Sorry, folks, this is gonna be kind of long, but this personal observation establishes fershure that eagles swim.

One summer evening in 1997 I was cycling the ring-road around the University of British Columbia in Vancouver BC Canada, and stopped for a breather at a viewpoint above the mouth of the North Arm of the Fraser River. Below was a wide, slow-running river with many log-booms and high dolphins, and a long slough along its southern bank. A small flock of grebes was in a small bayou along the opposite river-bank. An adult Bald Eagle--a common resident and abundant wintering raptor in Vancouver, by the way--planed in and began diving on the grebes, which would escape it by diving. The eagle's hunting technique for seabirds is simple: force them to dive many times and eventually they become exhausted, then the next time they come up to breathe, the eagle can pick it off the surface as gracefully as a head waiter scooping up a twenty.

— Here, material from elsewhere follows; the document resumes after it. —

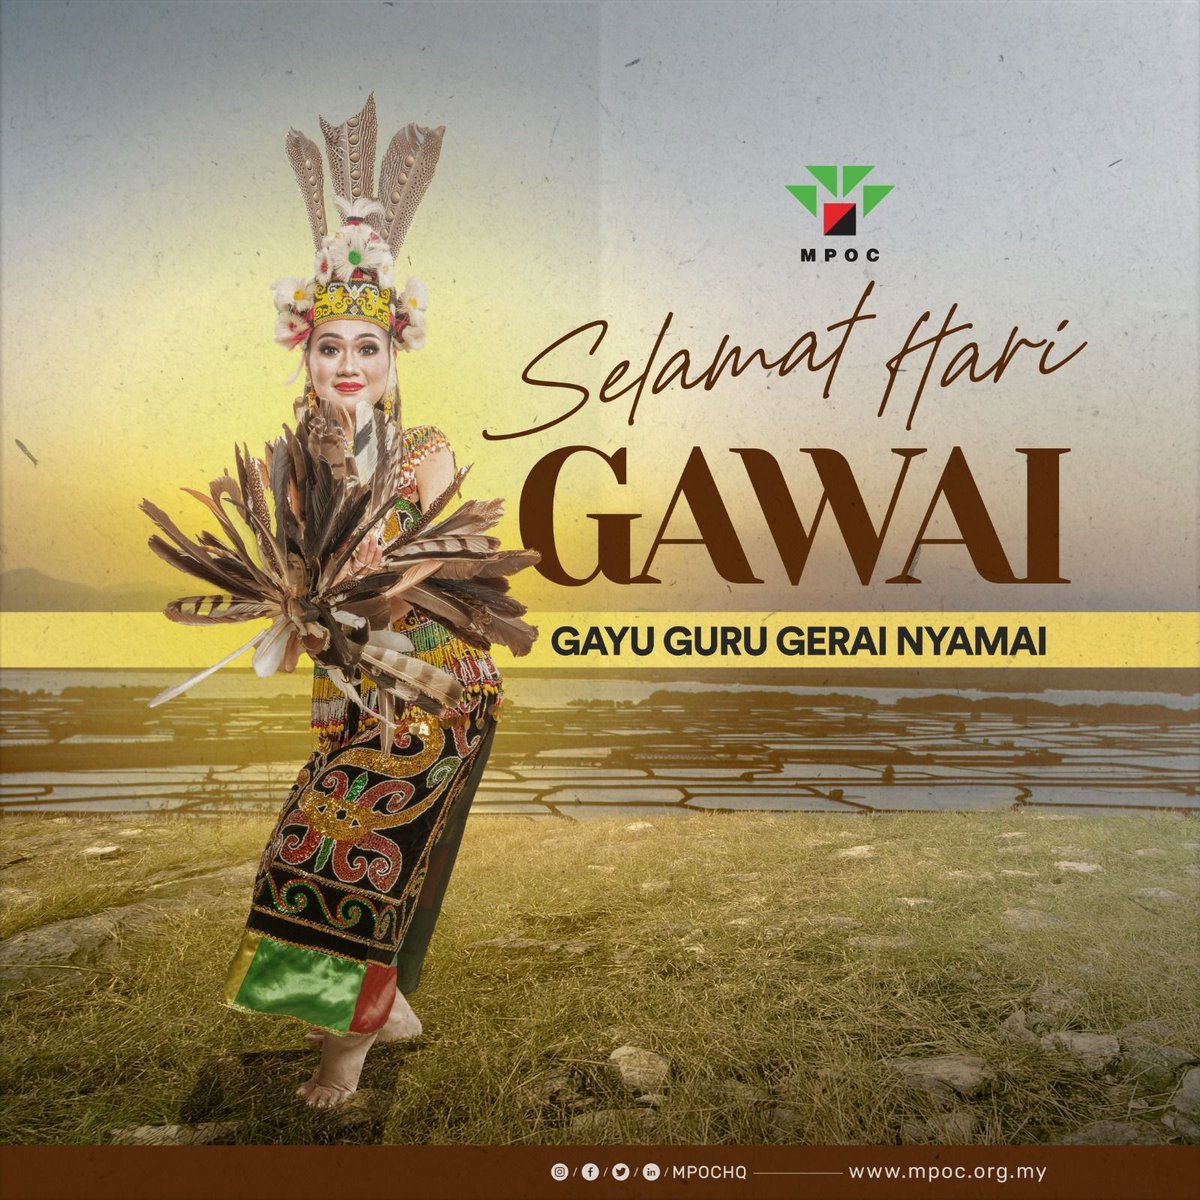 Gayu Guru Gerai Nyamai We at #MPOC would like to wish a Happy #Gawai to all who celebrate this joyous occasion, especially in the state of #Sarawak. May the festivities bring delight to you, your family, and friends.

After several attempts to snare a grebe in its talons, the eagle bashed whole-body into the water with a huge splash, then just floated there, its wings outstretched on the water. Uh-oh, I thought. It has just come Face To Face With The Consequences Of Its Own Carelessness. What now?

The eagle rested on the water for perhaps a full minute. I began to think about finding a telephone from which to call the Coast Guard to see if they'd do a rescue-and-rehab mission, make some good ink for them, but the nearest phone would be a couple of miles away. Knowing that Bald Eagles are sea-eagles, I figured they'd have this situation come up now and then and wondered what their response to total immersion would be, so I decided to watch for a while. The eagle, not looking very majestic at this point, began this slow, ungainly butterfly stroke like an arthritic old ex-Olympian trying to recollect former glories and set its course for the closest dolphin some two hundred meters away. It reached the pole--and kept on swimming. Fine, I thought, it's heading for the log-boom about another two hundred meters further on. It eventually reached it. And kept on swimming, resting every few minutes. Certainly, the sight of it whomping its great wings into the water with each stroke offered a different look at an animal we normally think of in terms of power and grace, like seeing Fred Astaire lurching along the street in low-rider jeans and high-top too-bigs.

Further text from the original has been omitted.